The South Kilkenny Historical Society’s second lecture of 2024 will take place on February 23, when Dr Ruth Duffy and Dr Alison Garden will talk about mixed marriages in Ireland - ‘Acts of Union: Mixed Marriage in Modern Ireland’.
This lecture will give an insight into the history of mixed marriage, and mixed relationships, in twentieth-century Ireland—offering us a glimpse into people’s lives during an extraordinarily turbulent period in Irish and British history.
Taking an all-island approach and looking at a variety of sources – including oral history, popular fiction, poetry, archival materials and more – Ruth and Alison will explore the vast complexities of sustaining a relationship across political and/or religious divides. Although such marriages were relatively common, there has been limited research on this subject. Drawing from a range of moments across the twentieth century, they will examine how this phenomenon was both imagined and experienced, for individuals and their families, when such relationships have historically been a contentious undertaking.
Dr Ruth Duffy is a historian of medical and oral history.

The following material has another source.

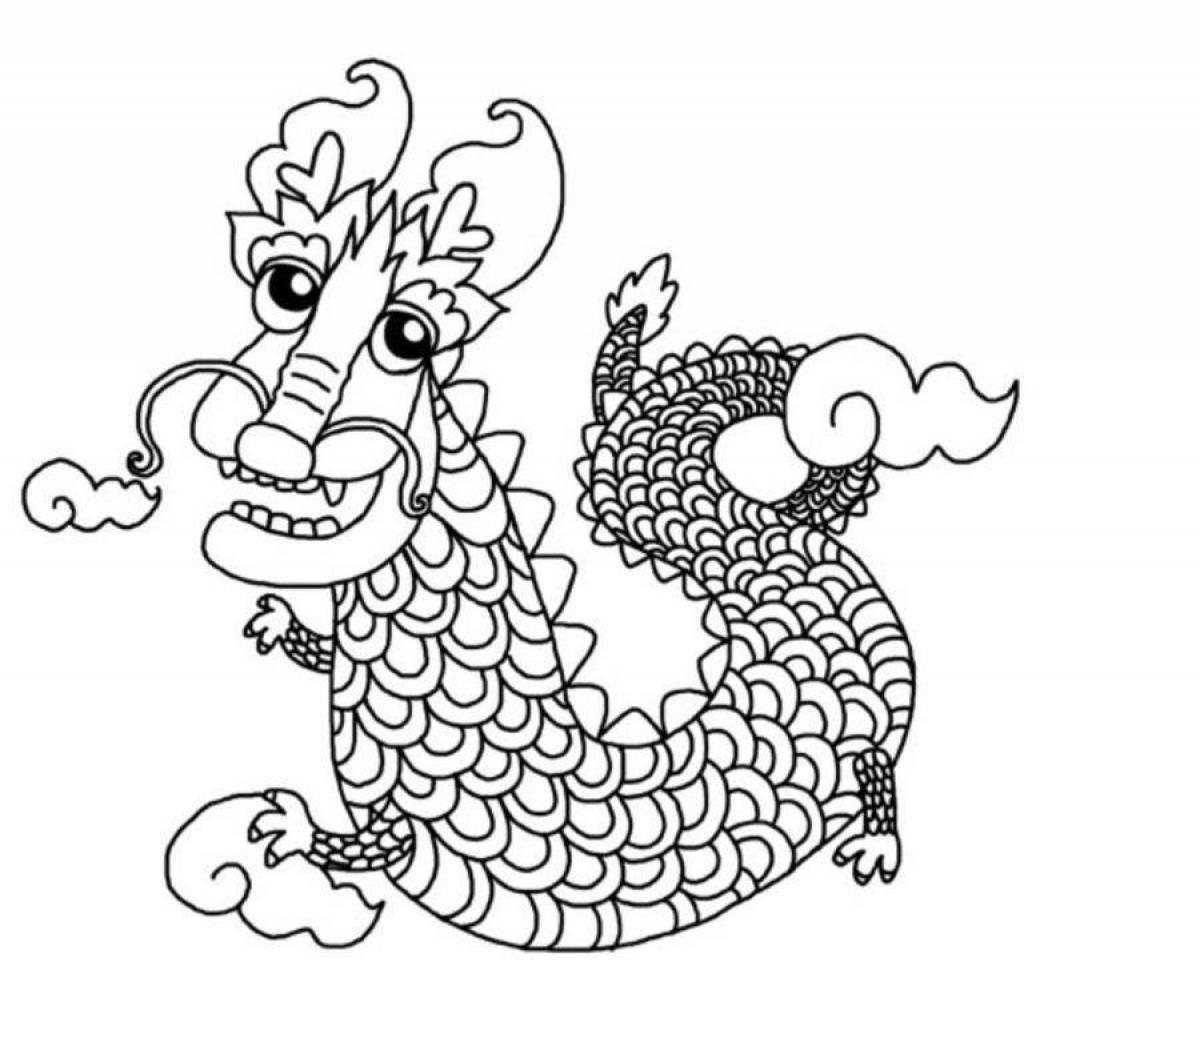 Chinese new year coloring book

Her expertise lies in modern British and Irish history; the Troubles, medicine, Irish society and culture. She particularly focuses on using oral history as a method to uncover hidden or sensitive histories.
Dr Duffy is currently a Research Fellow at Queen's University Belfast In the School of Arts, English and Languages. Prior to this, Ruth worked as an Oral History and Public Engagement Officer on the NHS Voices of Covid-19 project at the University of Manchester.
Ruth has collaborated with the University of Birmingham’s Forged by Fire: Burns Injury and Identity in Britain project. Contributing expertise on the La Mon Hotel Bombing to be used in a graphic novel which was published by the project. She has also contributed to the Epidemic Belfast podcast and written a piece for their website about the experiences of medical staff working during the Northern Ireland Troubles.
Ruth’s first monograph on the experiences of the Northern Ireland health service during the Troubles, which is under contract with Liverpool University Press, is due to be published in Autumn 2024. The monograph is based on her PhD thesis which was awarded the Adele Dalsimer Prize for Distinguished Dissertation from the American Conference for Irish Studies in 2022.
Dr Alison Garden is a Senior Lecturer and UKRI Future Leaders Fellow at Queen's University Belfast. She is an inaugural member of Young Academy Ireland; a Fellow of the Royal Historical Society; and a Fellow of the Senator George J. Mitchell Institute for Global Peace, Security and Justice.
Dr Garden is a literary critic and cultural historian, fascinated by how national narratives intersect with the intimate, everyday realities of people’s lives and the stories we tell about this. She has published widely on Irish literary, cultural and political history, and has particular interests in the histories and cultures of love, romance and sexuality.
The lecture takes place in Mullinavat Parish Hall (opposite church) at 8pm, on Friday next (February 23).